(STORED DATA)
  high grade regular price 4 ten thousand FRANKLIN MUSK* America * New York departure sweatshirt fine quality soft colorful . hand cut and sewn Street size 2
==
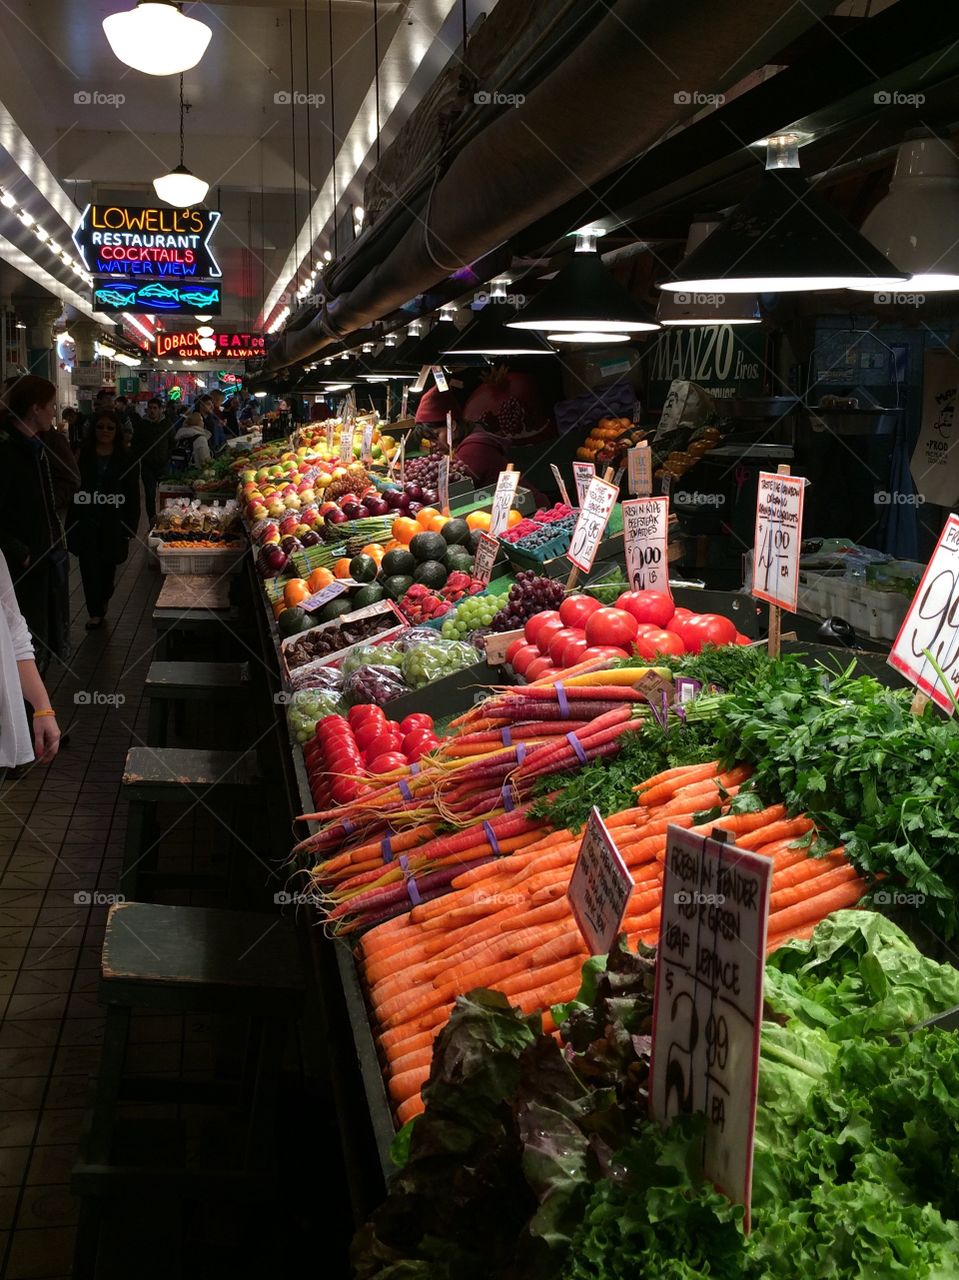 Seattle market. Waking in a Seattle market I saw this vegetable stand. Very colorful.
==
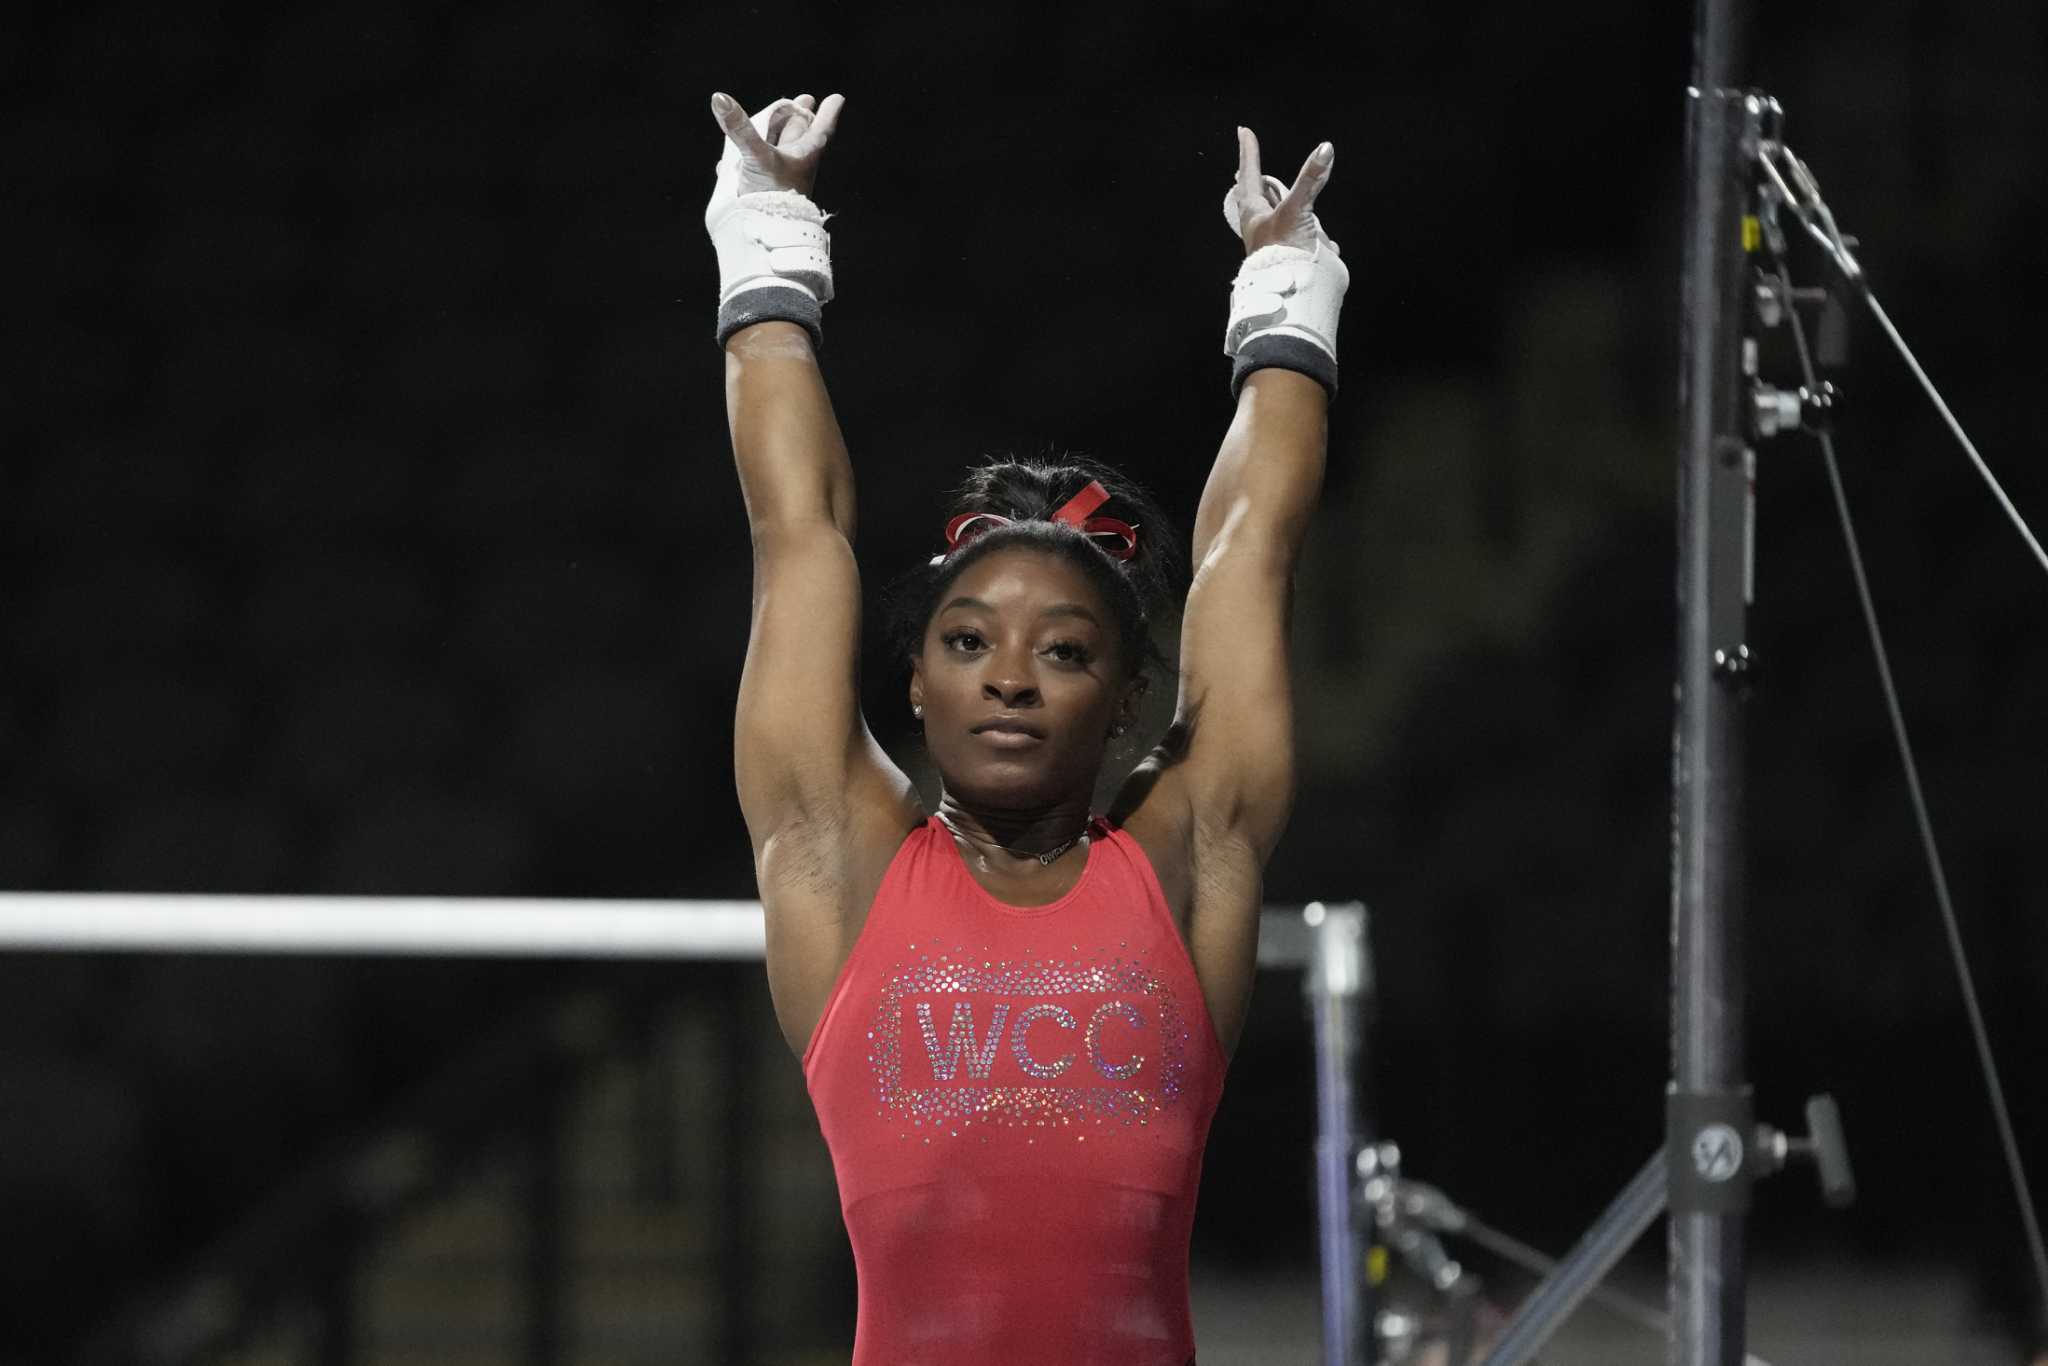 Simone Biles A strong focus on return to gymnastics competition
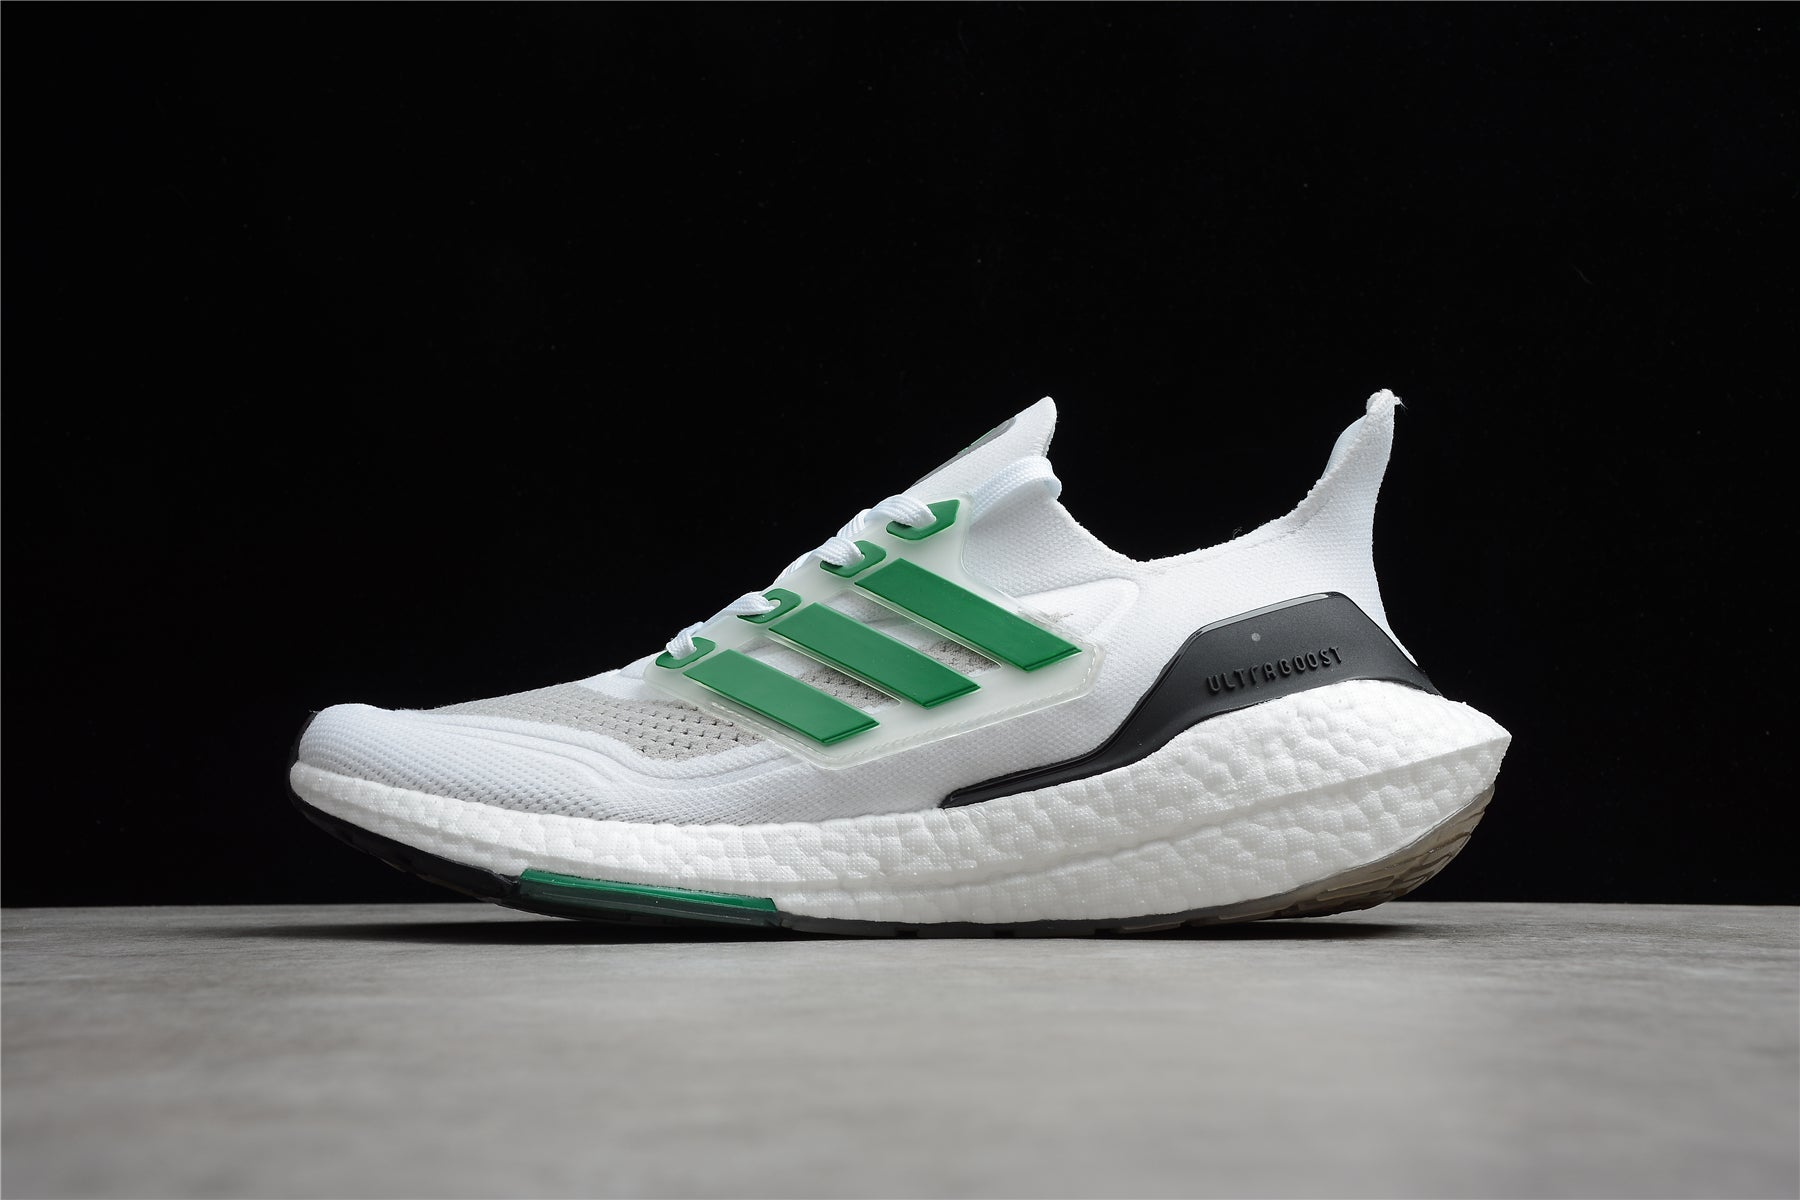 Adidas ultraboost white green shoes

(ASSIGNMENT) Given the entries above, transcribe exactly the lines from the one holding "Simone Biles A" through the one holding "Adidas ultraboost white green shoes"; pictures do not belong in the transcription.

(RESULT OF THIS EXERCISE)
 Simone Biles A strong focus on return to gymnastics competition
 Adidas ultraboost white green shoes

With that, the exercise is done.